Sackler looked at me like a child who has discovered that his mother’s morals are not what he supposed. He opened his mouth preparatory to casting bitter reflection on my physical courage, but before he could articulate the words, the thug spoke impatiently.
“All right, you. Hand over the dough. We ain’t got all day.”
Sackler took his wallet from his pocket with all the enthusiasm of a debutante picking up a rattlesnake. He put its contents on his desk. Rather to my disappointment the cash totaled only six dollars besides, of course, the Bellows check.
Our holdup man, maneuvering his gun, moved carefully across the room and picked it up. Sackler, a catch in his voice, said: “You don’t need that check. It’s made out to me. You can’t cash it.”
The scar-faced man sighed wearily as he picked up the check and the money.
“Why don’t you mind your own business,” he asked petulantly, “and leave me mind mine. Now, I’m going. You better stay here for at least five minutes because you don’t know how long I might wait in the hall ready to plug youse guys if you come out.”
He backed to the door and through it, slammed it and disappeared. Sackler fixed me with a halibut’s stare. “After him,” he said. “Go get him.”
“I shall not. He is a professional thug. It is more than possible he will stand outside for a few minutes ready to shoot if I come out.”
He looked at me as if he had nailed me red-handed with a jimmy at the poor-box.
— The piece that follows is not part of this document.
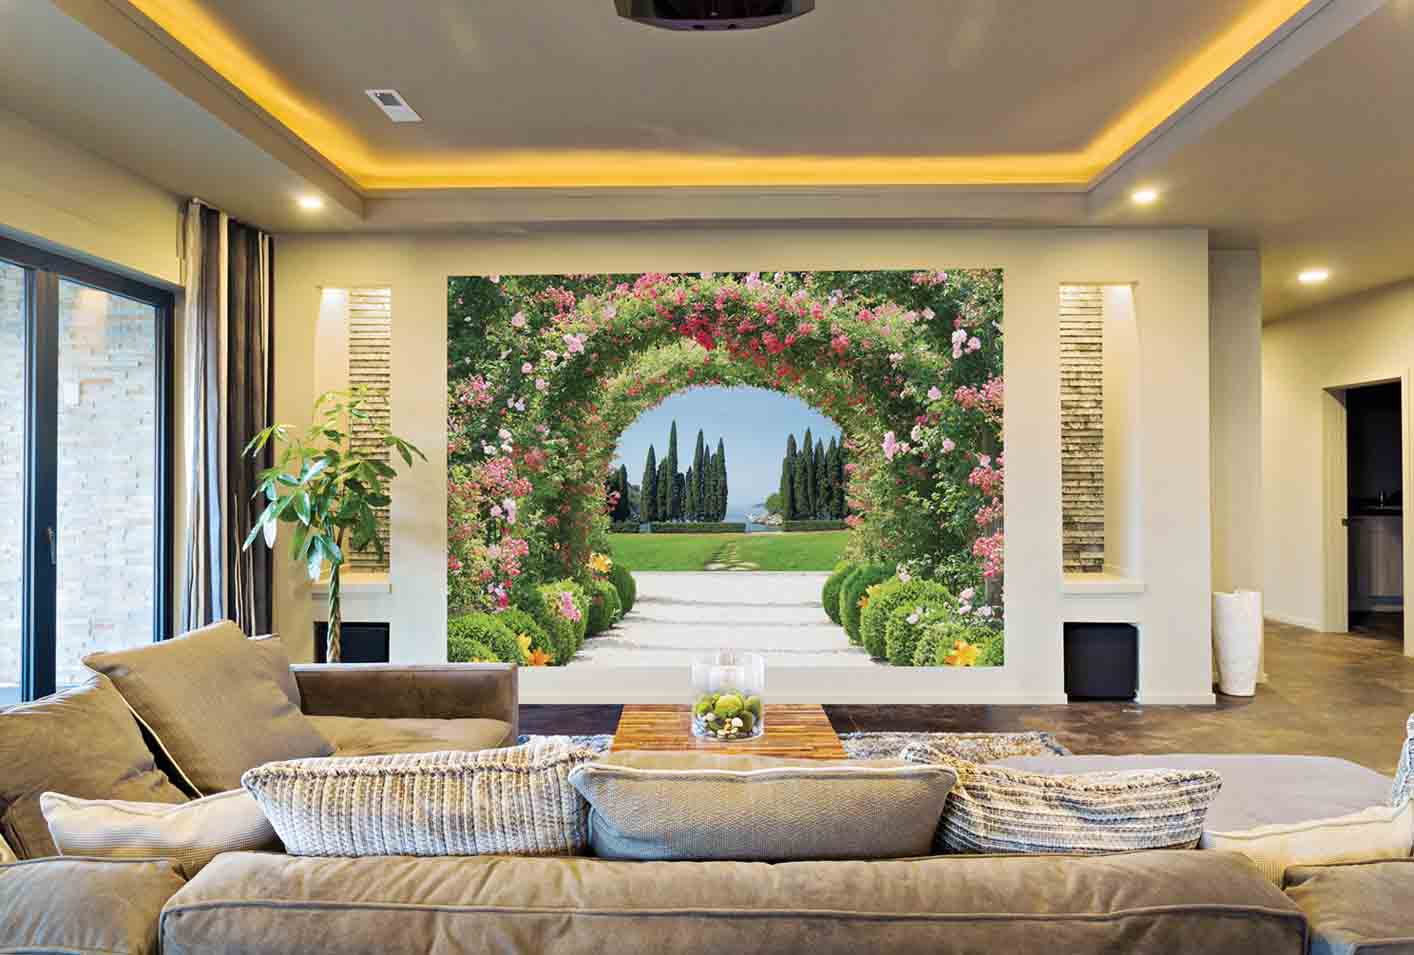 Vẽ tranh tường 3D phòng khách chủ đề hoa cây tạo cảm giác vườn rộng, tràn đầy ánh nắng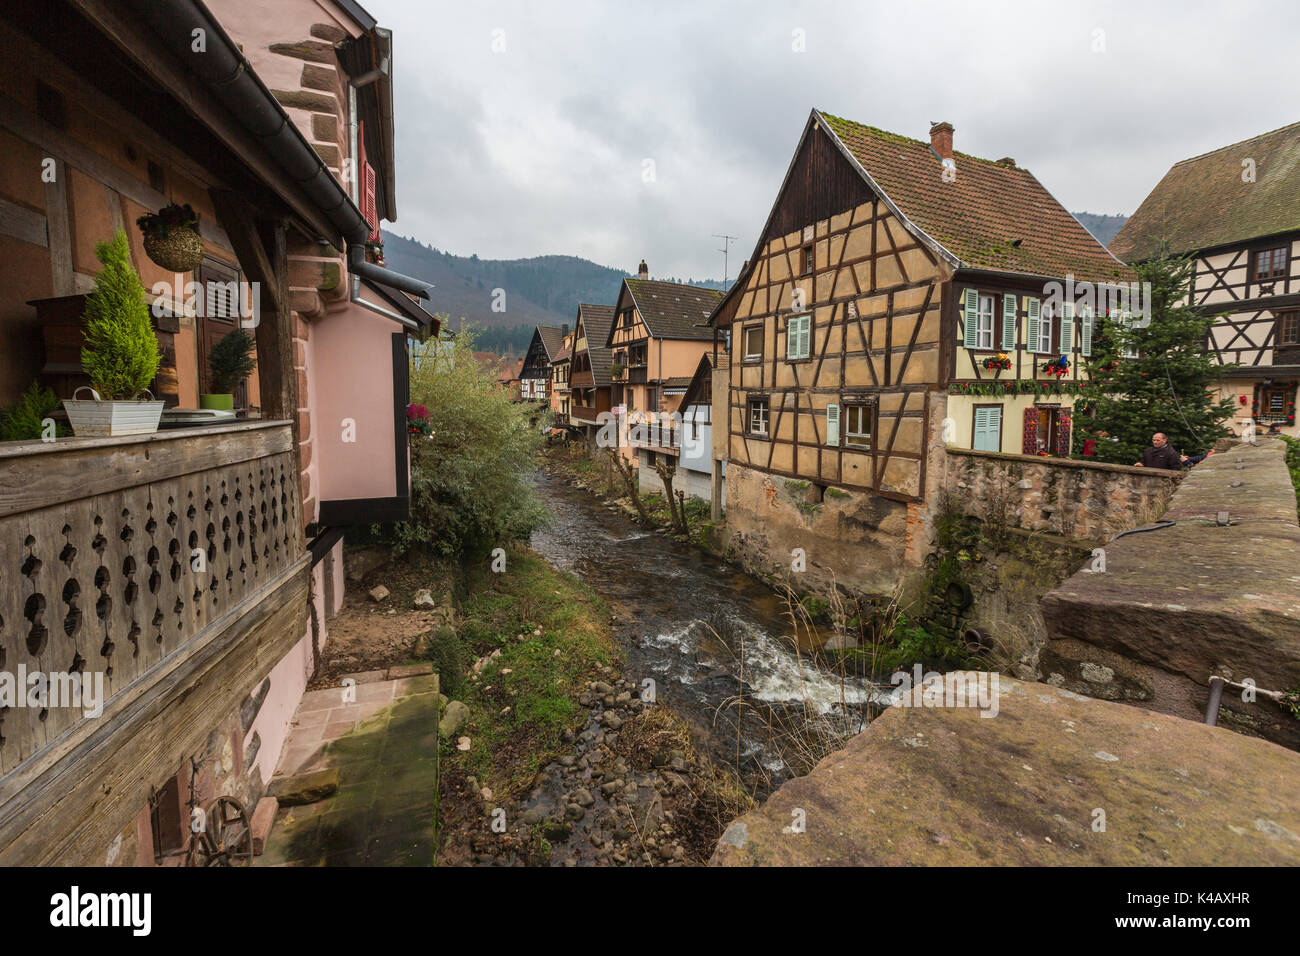 L'architecture typique de la vieille ville médiévale et le pont sur la rivière Weiss Kaysersberg Haut-Rhin Alsace France Europe Banque D'Images

He brought up a sigh of resignation from his heels.
“Joey,” he said heavily, as if more hurt than angry, “my opinion of your mentality has never been high. My estimate of your morals has been none too optimistic. However, I never believed that, with all your faults, you were yellow.”
“That,” I said, “we won’t argue. But you might revise your opinion of my mentality. Since that mug could have plugged us both while I was still going for my gun, you might grant that I’m not a complete moron.”
“You sat there,” he said accusingly, “while he rolled me for fifteen hundred and six dollars.”
“He rolled me for nine. He rolled you for six. You can have payment stopped on the check and get yourself another.”
“The money, Joey, is nothing. It is a matter—” He paused. Then as if reaching the conclusion he was wasting valuable time, he snapped: “Get that Grattan woman on the phone. Tell her we were robbed. Have her stop payment at once and mail us another check. Hurry, Joey.”